EXERCISE: An exact copy of every record is needed, with all pictures omitted.

(Records from a dataset)
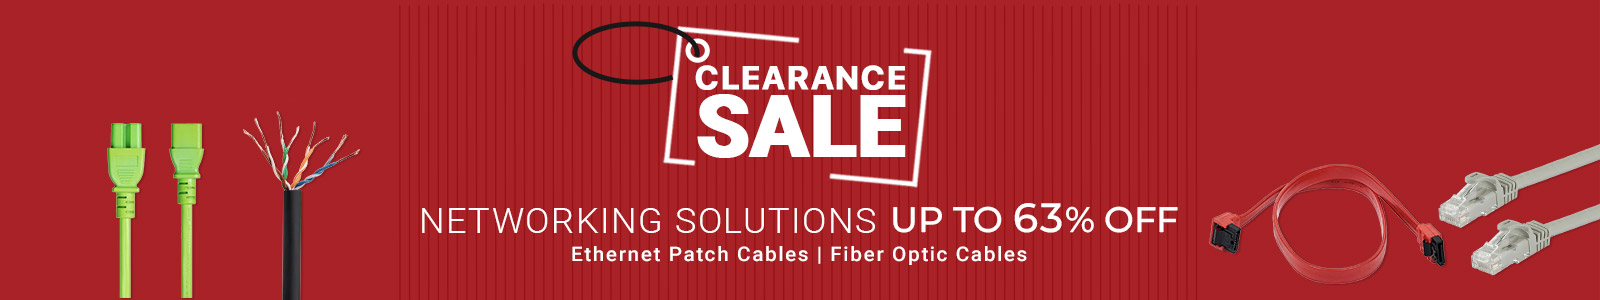 Clearance Sale
Networking Solutions 
Up to 63% off
Ethernet Patch Cables | Fiber Optic Cables
Shop Now
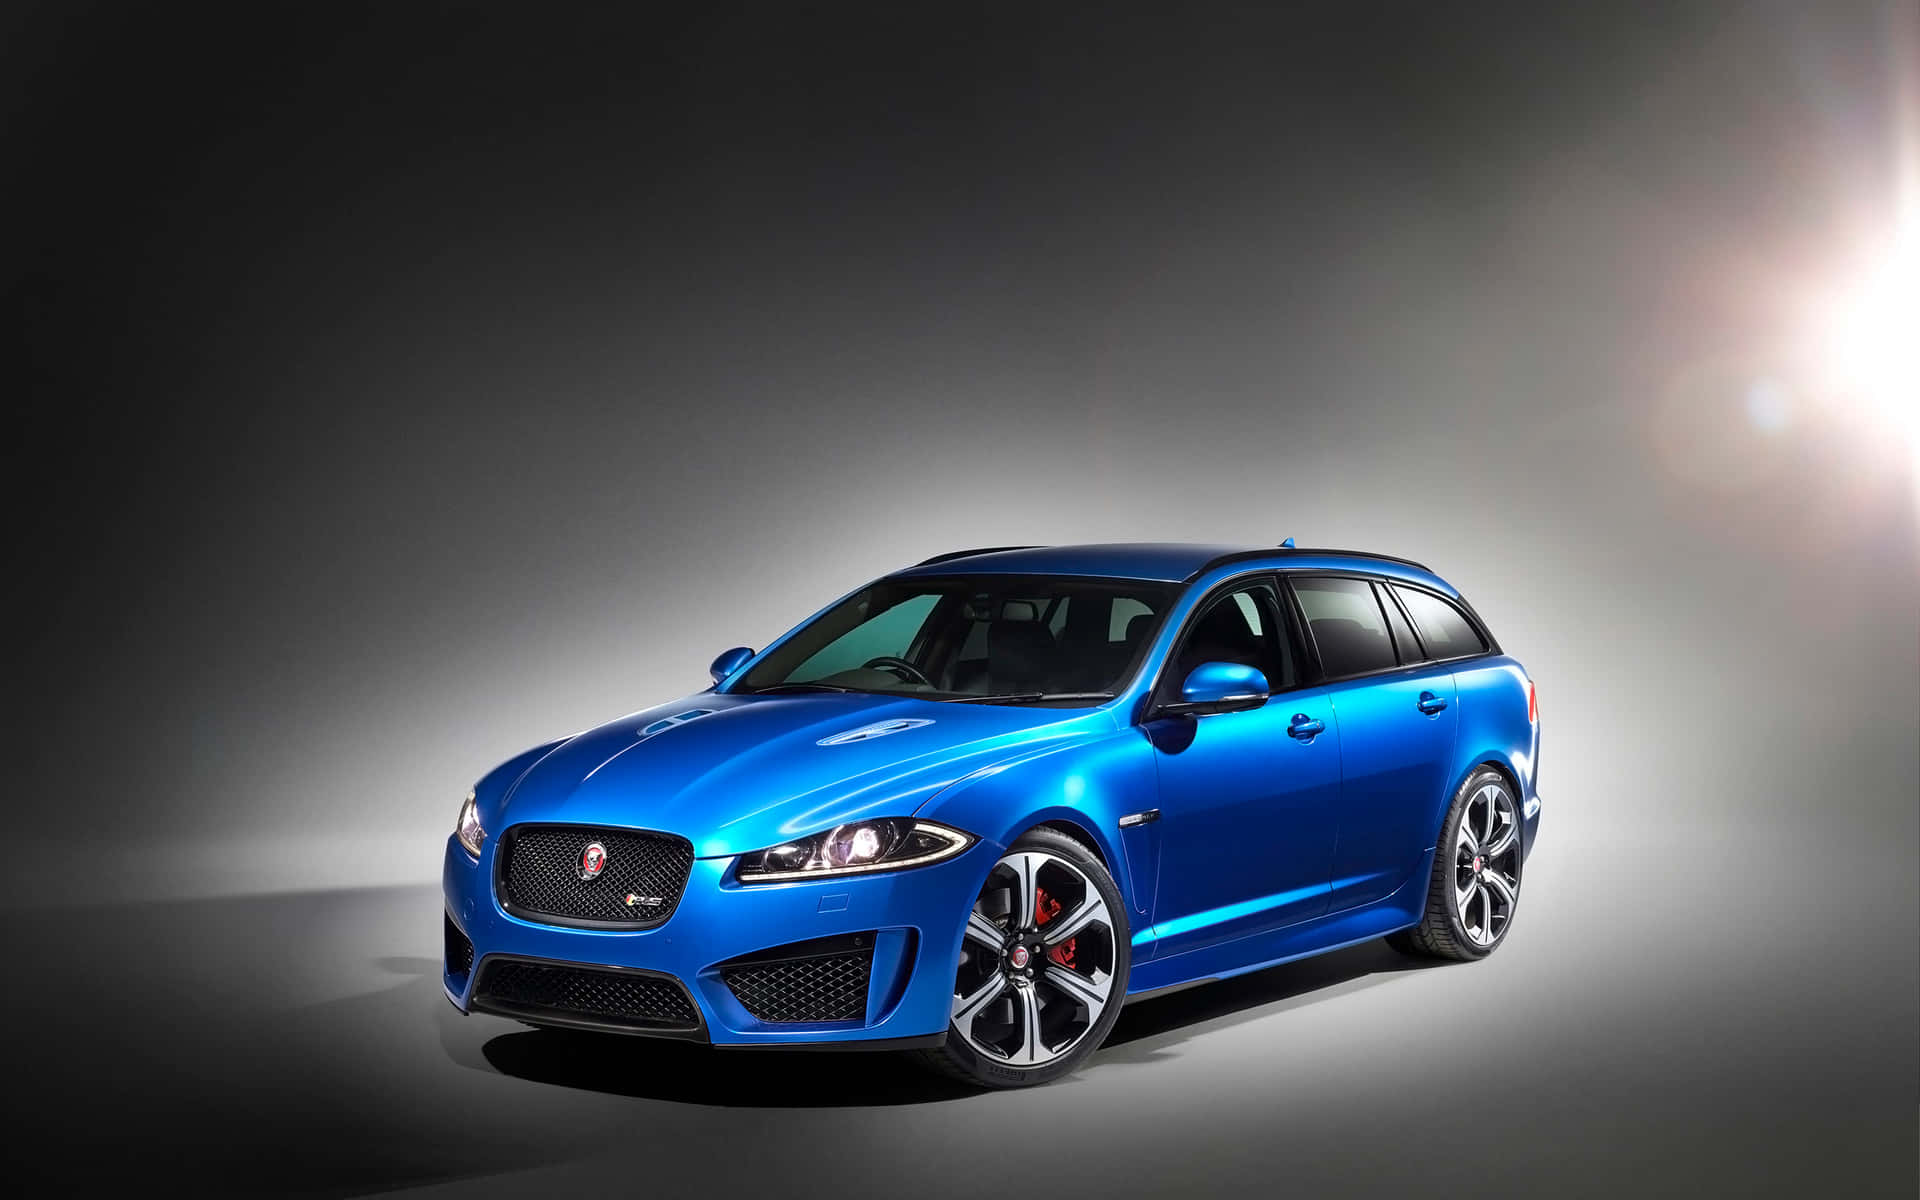 Caption: Dynamic and Stylish Jaguar XFR in Action Wallpaper
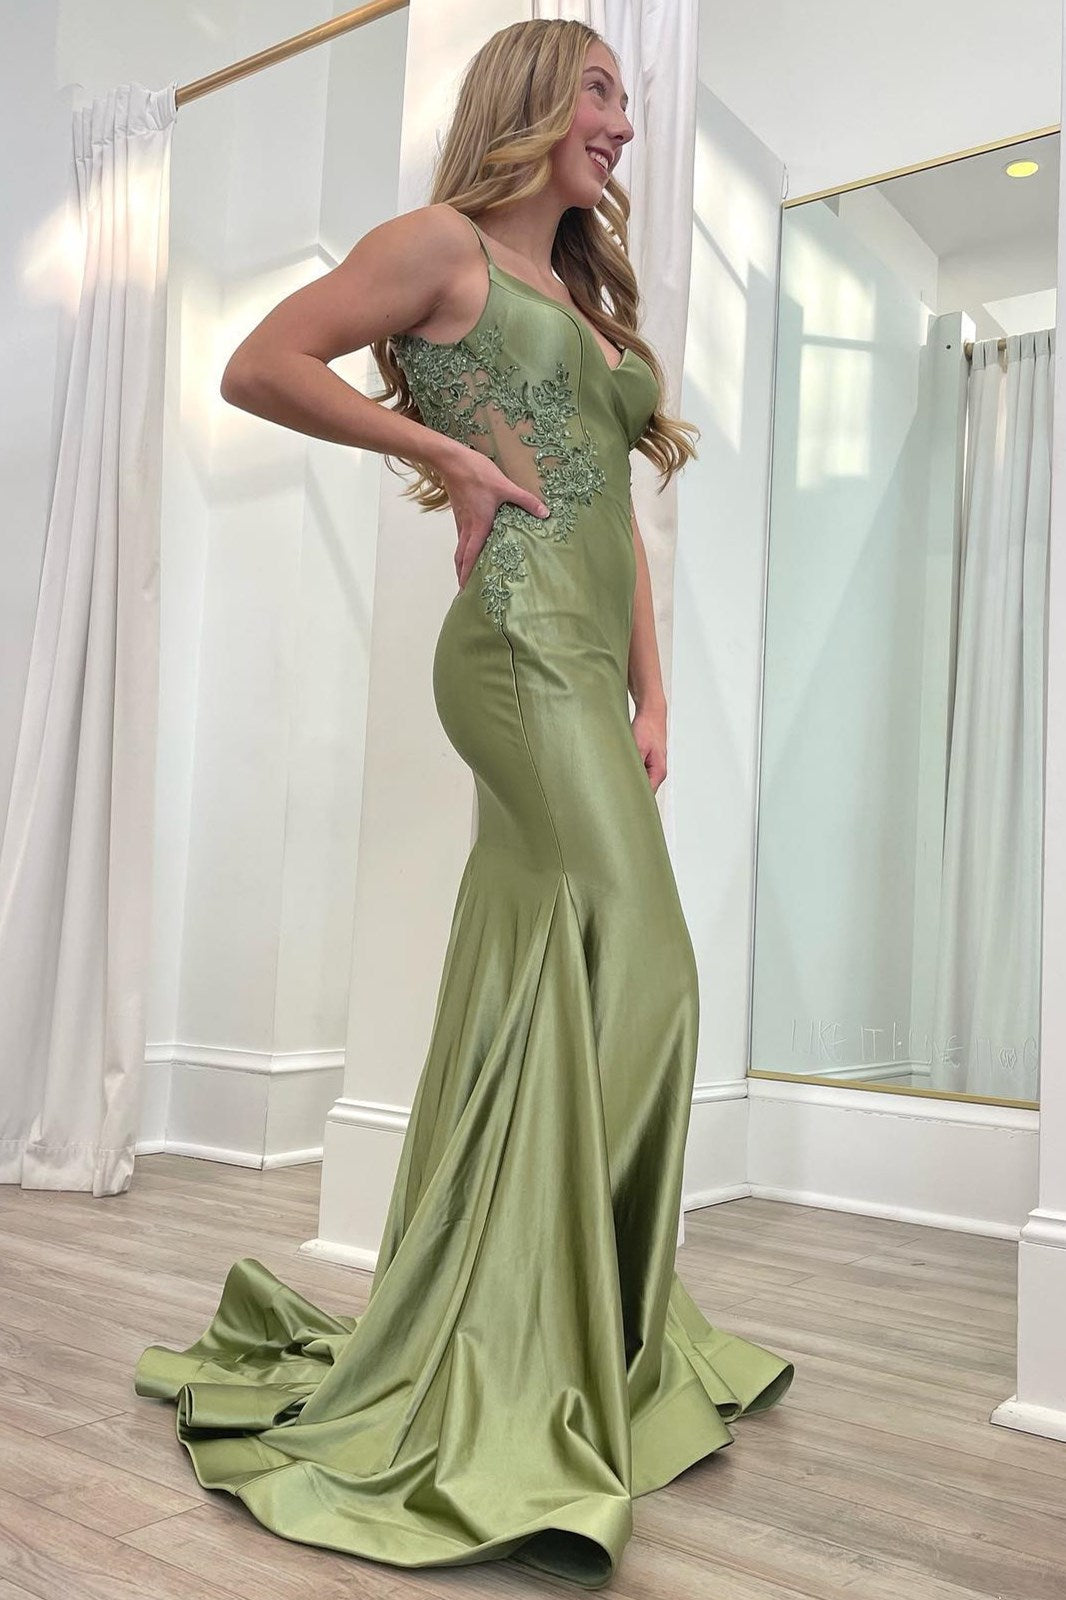 Sage Green Spaghetti Strap Backless Trumpet Long Gown
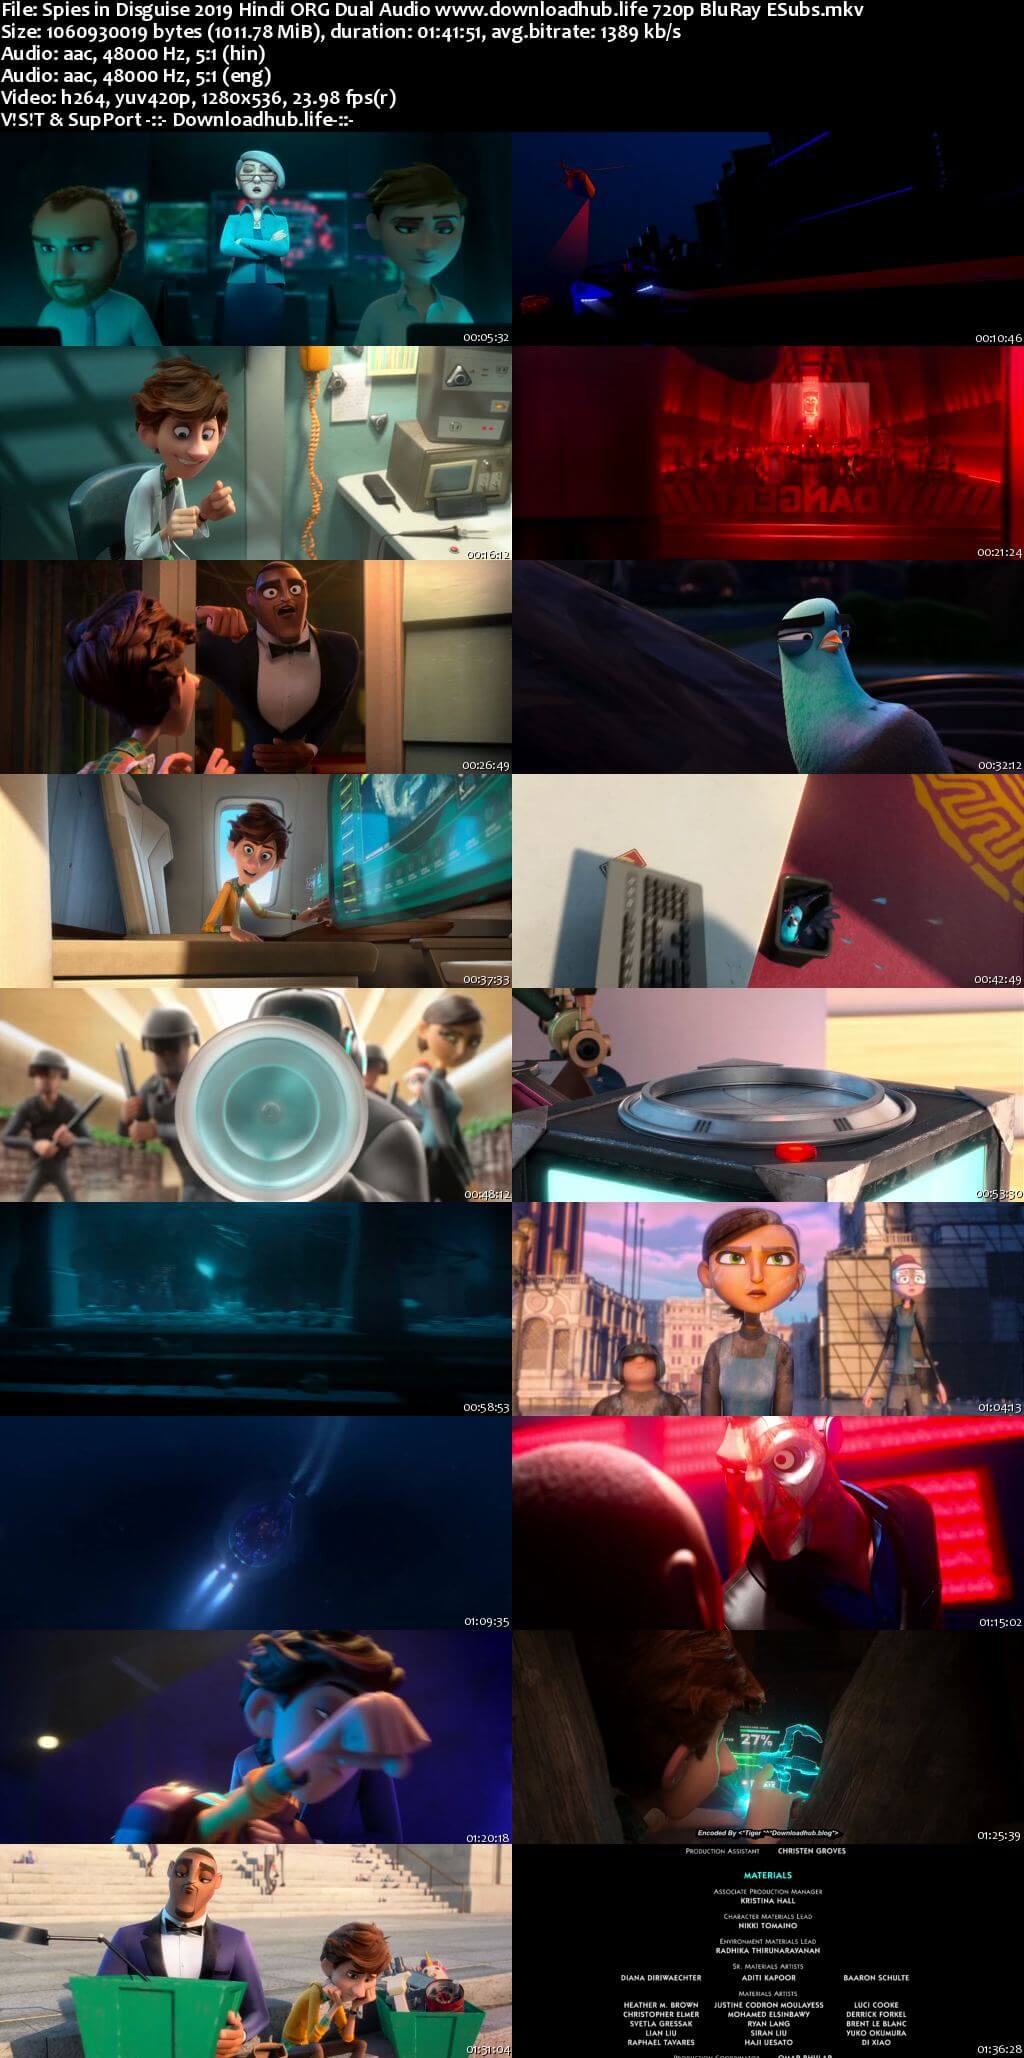 Spies in Disguise 2019 Hindi ORG Dual Audio 720p BluRay ESubs

EXERCISE OUTPUT:
 Clearance Sale
Networking Solutions 
Up to 63% off
Ethernet Patch Cables | Fiber Optic Cables
Shop Now
 Caption: Dynamic and Stylish Jaguar XFR in Action Wallpaper
 Sage Green Spaghetti Strap Backless Trumpet Long Gown
 Spies in Disguise 2019 Hindi ORG Dual Audio 720p BluRay ESubs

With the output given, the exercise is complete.